Ruth was the only child of Berta and Hugo Moses. She lived in Frankfurt am Main, one of Europe's most important Jewish centers. Frankfurt's Jewish community participated in all aspects of the city's social and cultural life. Jewish citizens played an important role in the city's commerce and industry. In 1933, the city even had a Jewish mayor, Ludwig Landmann.
Following the Nazi rise to power on January 30, 1933, Frankfurt's Jews were subjected to physical assaults and to a general boycott of Jewish businesses, even before any official laws were enacted. All public institutions dismissed Jews from their staffs - hospitals, courts, schools, universities, and institutions of culture and the arts. Economic conditions grew even worse after the passage of the "Nuremberg Laws" in 1935. Ruth was born in that year.

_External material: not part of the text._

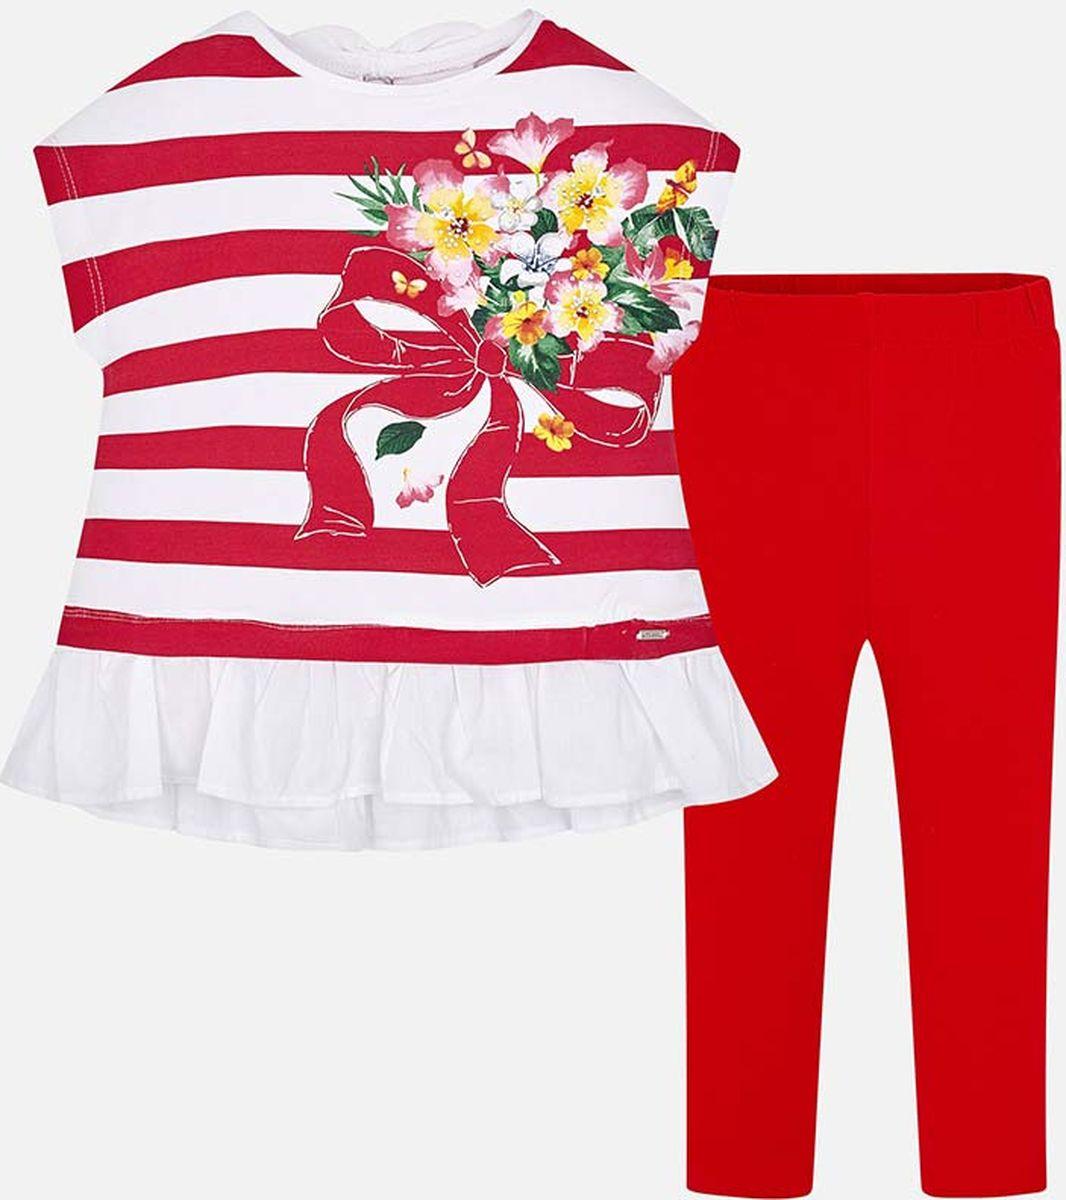 Пуловер для девочки Mayoral, цвет: красный. 3704-24-6J. Размер 128, 8 лет3704-24-6J
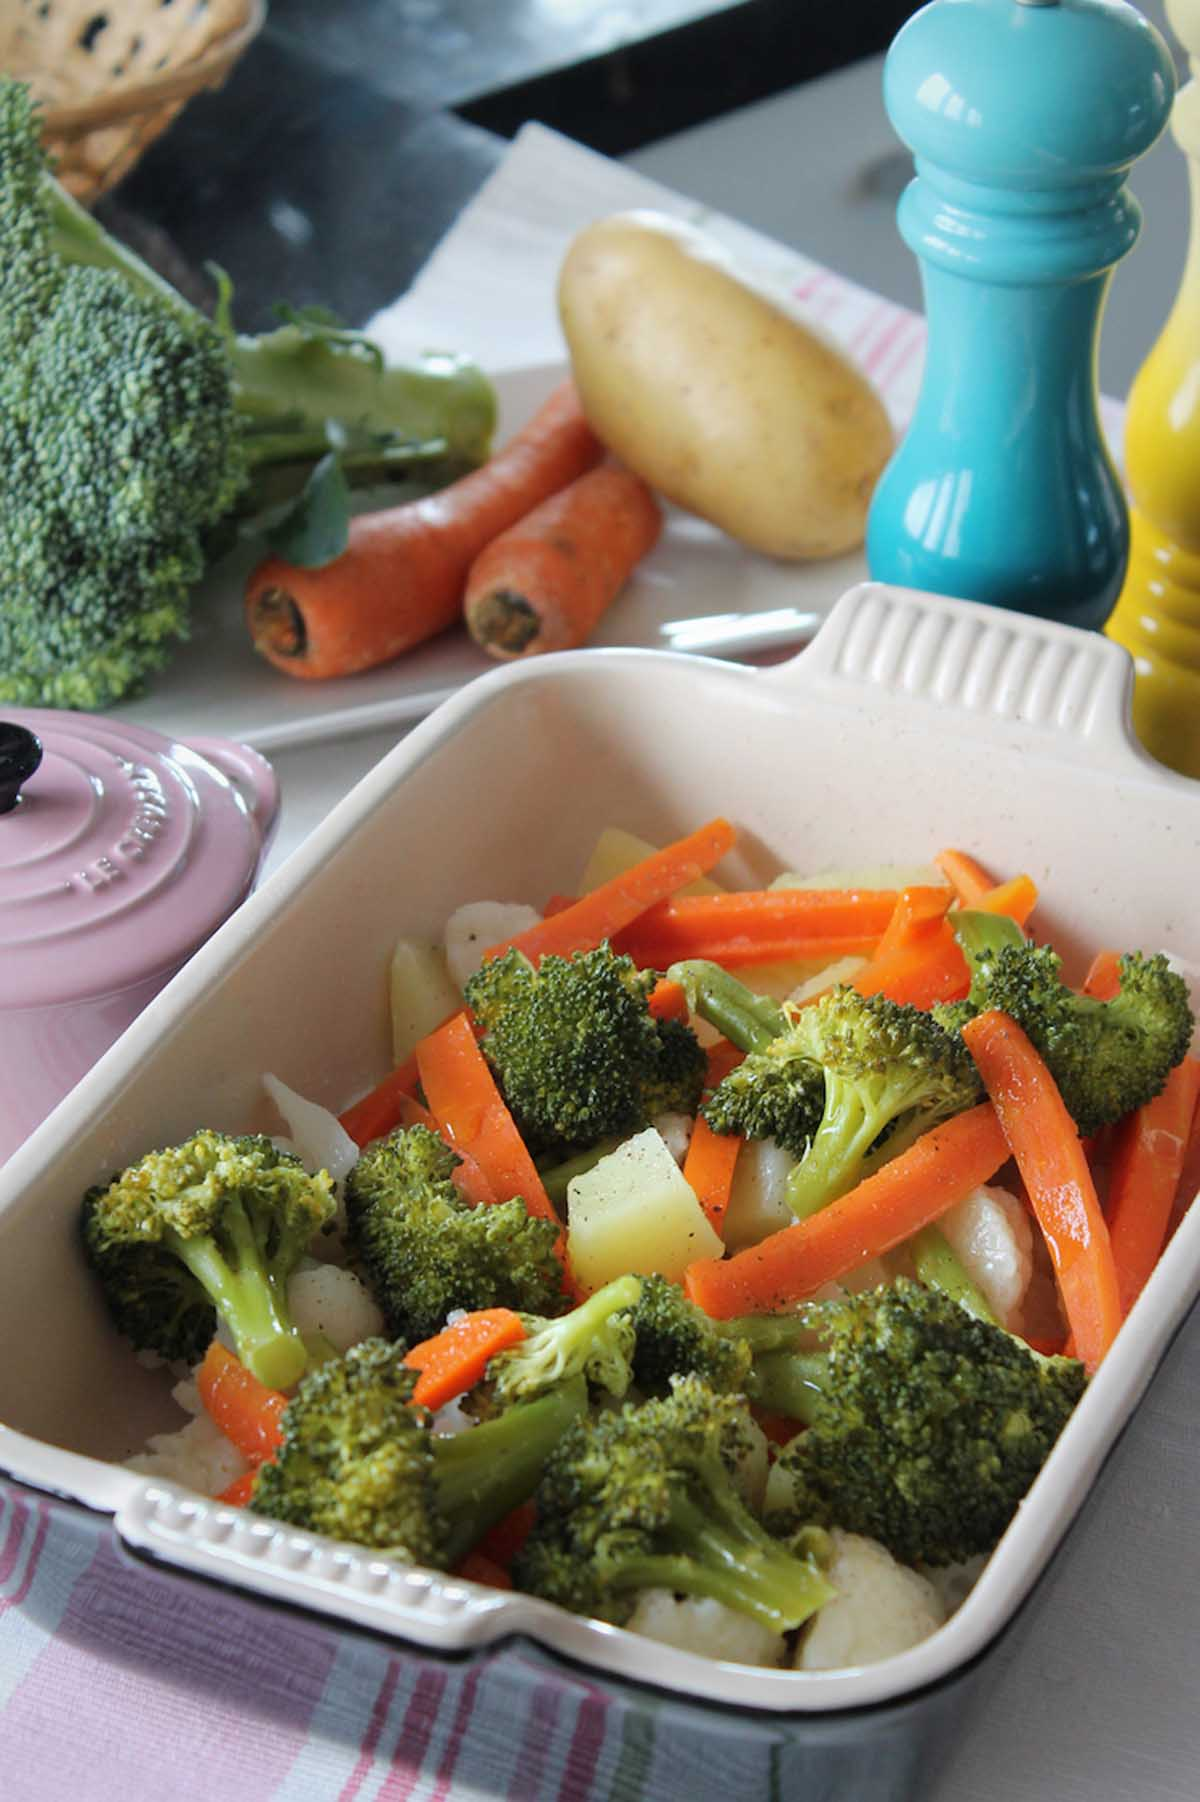 Verduras al vapor. Brócoli, coliflor, patata y zanahoria al vapor

After October 1941, Jews were forbidden to leave Germany. The Nazis began rounding them up and sending them to ghettos in eastern Europe. Six year-old Ruth and her parents were deported to a sealed-off ghetto in the city of Riga, the capital of Latvia.
The Riga ghetto's previous residents, 30,000 local Jews, were murdered by the Nazis in November 1941, to make room for the newly arriving German Jews. Conditions in the ghetto were horrendous. The ghetto was plagued with little food, poor sanitation, and horrible overcrowding. Thousands of people died of starvation, disease, and exposure.
The ghetto was eventually emptied of its inhabitants. Most of the inhabitants were gassed to death in transport vans or were shot. Others were sent to labor camps, where they were worked to death. By December 1943, there were no Jews left in the Riga ghetto.
Nothing is known about Ruth's fate after she was sent to Riga. No trace has ever been found.